● **DATASET EXTRACT**
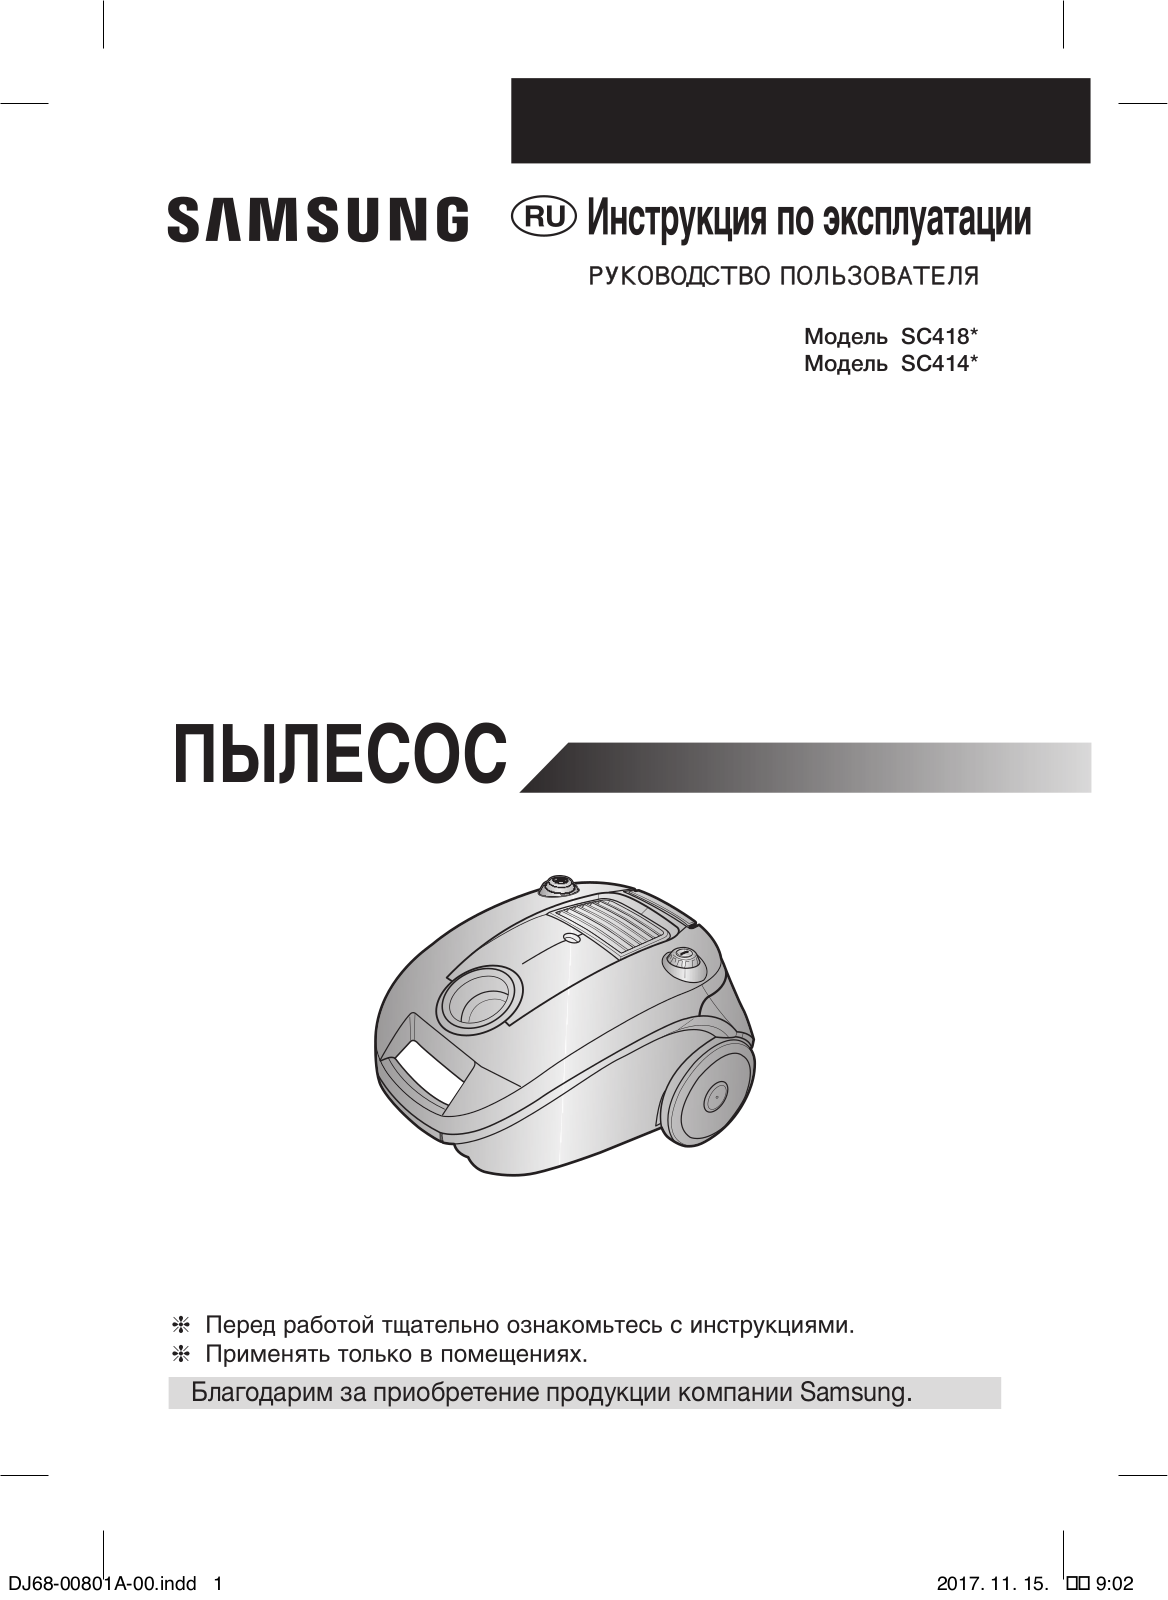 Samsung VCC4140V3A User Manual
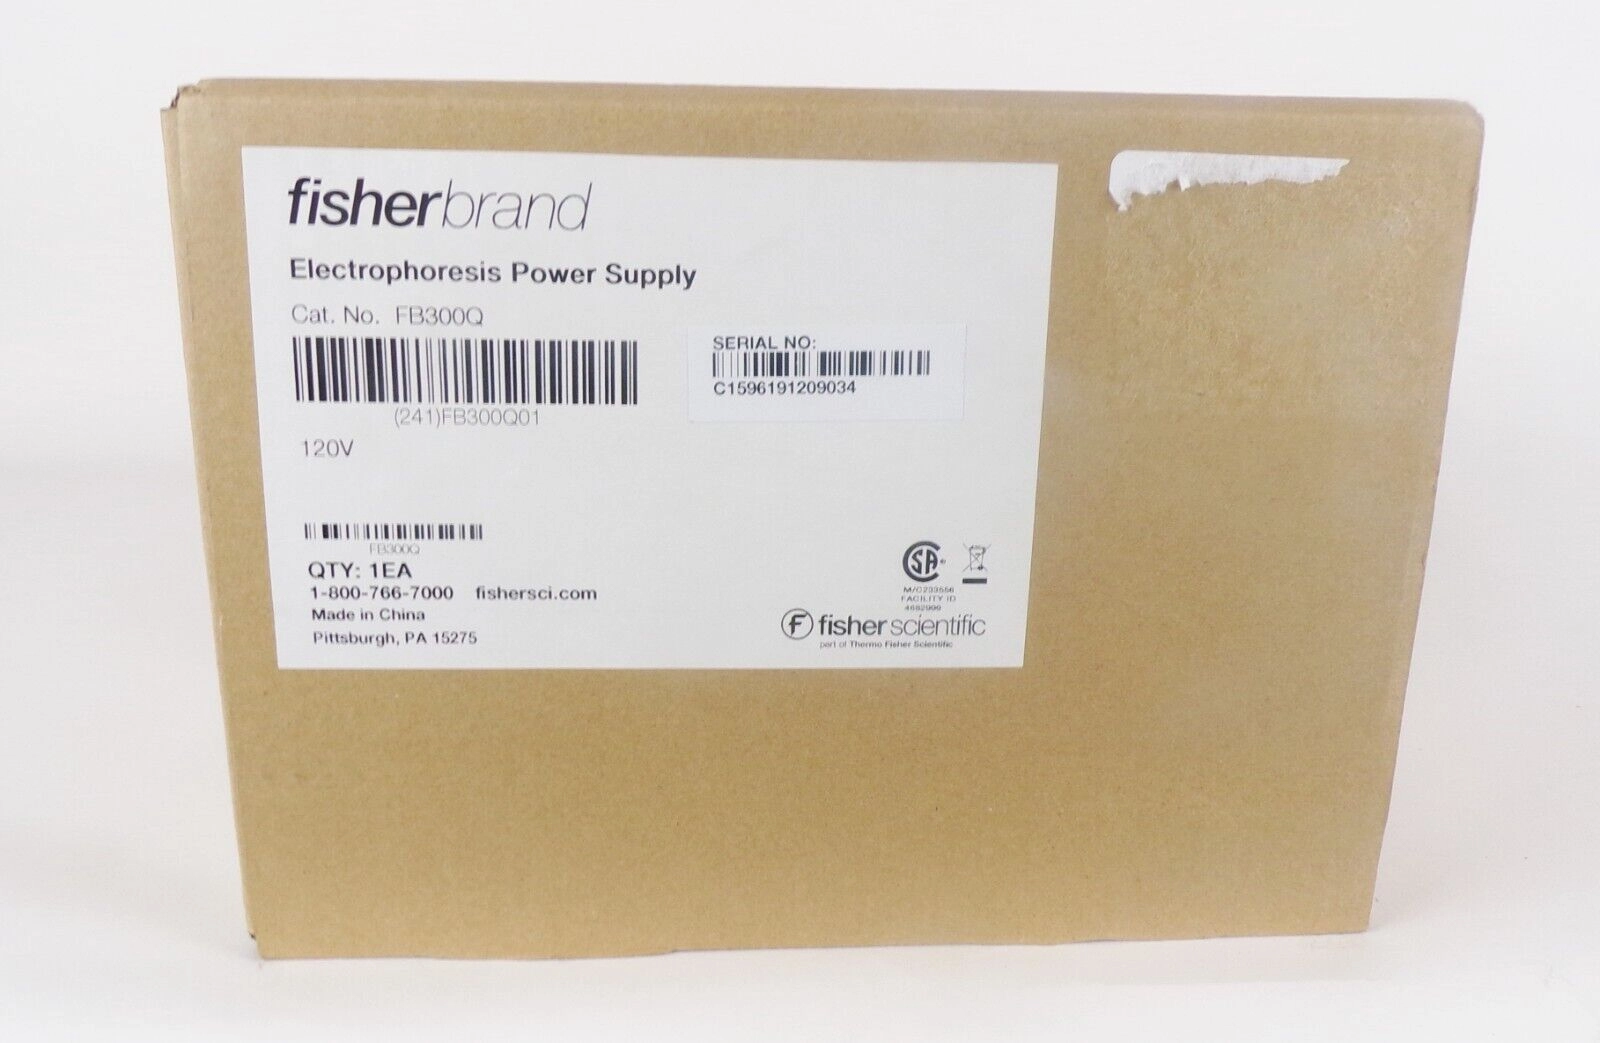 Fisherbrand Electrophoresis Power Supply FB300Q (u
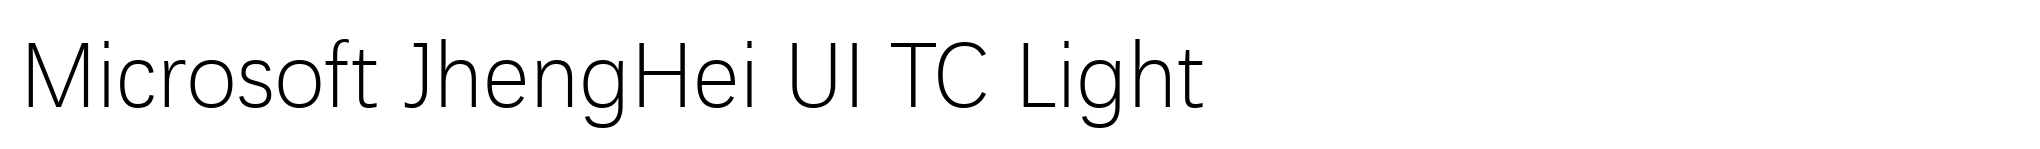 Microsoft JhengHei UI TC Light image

● **TASK**
The answer must be the full listing, word for word, with no images in it.

● **SOLUTION BELOW**
 Samsung VCC4140V3A User Manual
 Fisherbrand Electrophoresis Power Supply FB300Q (u
 Microsoft JhengHei UI TC Light image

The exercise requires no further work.